Binko Chiong-Bisbee (left), co-owner of KOBO, next to her daughter Aya Bisbee (right).

Meet Binko Chiong-Bisebee, co-owner of KOBO in Seattle’s Capitol Hill and International District neighborhoods, along with her husband, John Bisbee. In Japanese, kobo translates to “artist’s workspace,” which is how the art gallery and shop functions. KOBO showcases artisan Japanese and Northwest fine crafts in both traditional and contemporary works. With KOBO, Binko and her husband John Bisbee hope to serve as a reminder of the human hands and work that go into making the everyday objects around us.

Get to know Binko in this week’s Business Spotlight Q&A.

The interview has been edited for length and clarity.

What’s something your customers may not know about you or your business?
This is our 25th year. We’re amazed we’re still here. Time went by very fast. John and I feel very honored to have been doing this for 25 years.

What’s your favorite part about the neighborhood/community your business is in and why?
We’re in two different communities! I think for the International District, there’s that connection to heritage and history, and that’s really important. There’s a lot of new buildings going on and neighborhoods being recreated. The International District is a very, very special place in Seattle — there’s nothing like it. In terms of Capitol Hill, I grew up on Capitol Hill and I’ve seen it go through a lot of changes. I live here so it’s just a part of who we are here. The ID to me is a little different. Sometimes I feel like it needs to be spoken for and people need to fight for. There’s different issues that the ID and Japantown faces. There needs to be more voice to make sure that people honor it and support it. Capitol Hill is different. It already has a stronghold… Both neighborhoods are so important to us and who we are. I couldn’t live without either.
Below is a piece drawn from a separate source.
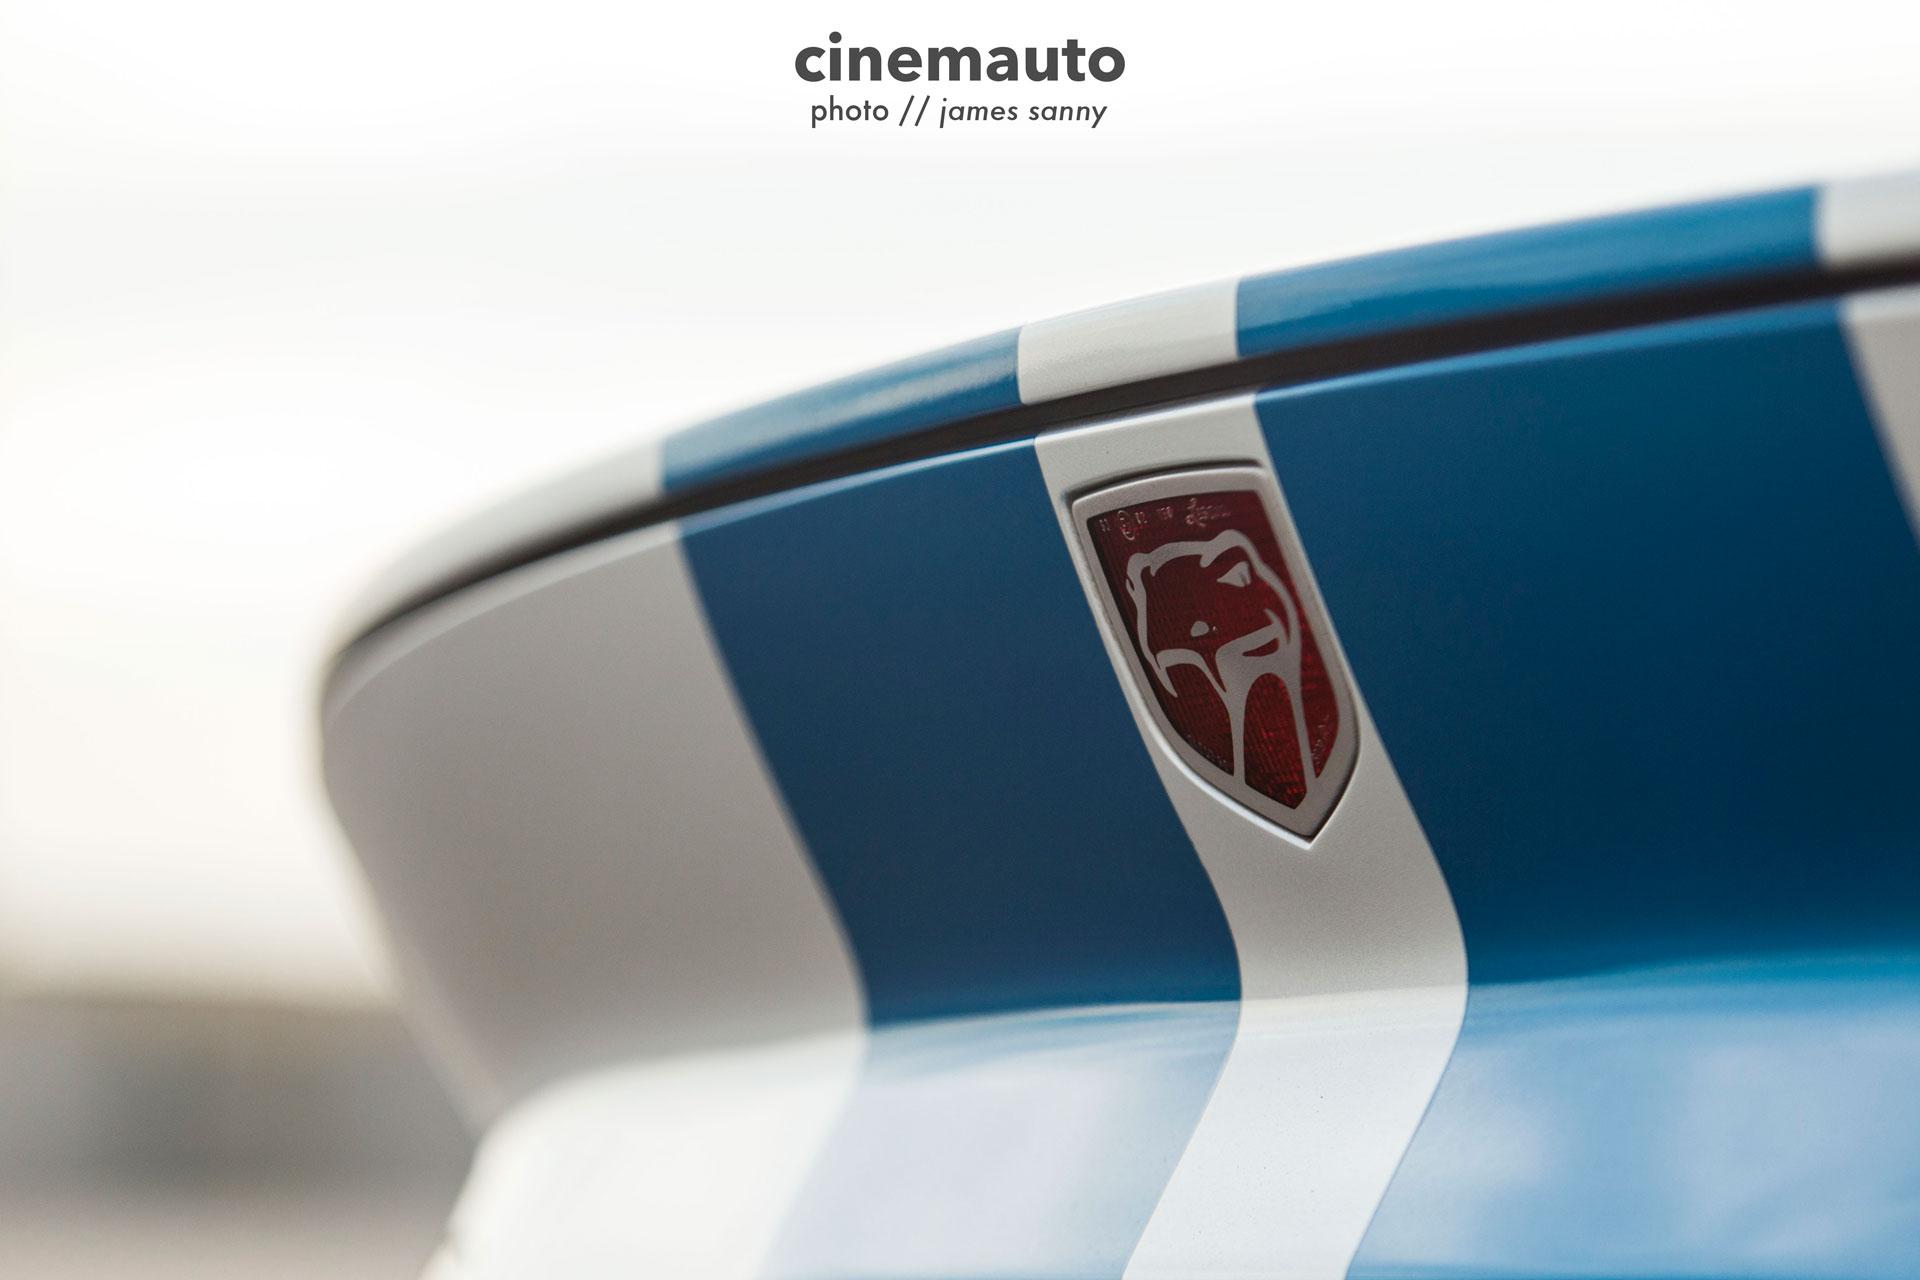 cinemauto_3-sm.jpg

Why is it important to you and your business that people #SpendLikeItMatters?
It’s pretty tough right now, especially for our restaurants. I think we’re going to probably send something out to tell our friends and community to do takeout — forget about cooking for the next few weeks and just do takeout. I think a lot of us are cooking more at home because we’re trying to be careful and we don’t want to go out. I think the messaging is that there’s not a great risk for you to do takeout. I think the normal reaction is just, ‘I’ll stay at home, I’ll cook at home.’ One of our neighbors, up on Capitol Hill, Cook Weaver, is having a difficult, difficult time at his restaurant so we’re ordering chicken dinners tonight. But that’s not the first thing we think of, ‘Let’s takeout.’ It’s like, ‘I want to takeout but I just feel like it’s just easier to stay home and cook for ourselves.’ Anyway, that’s what I’m going to do for the next couple of weeks.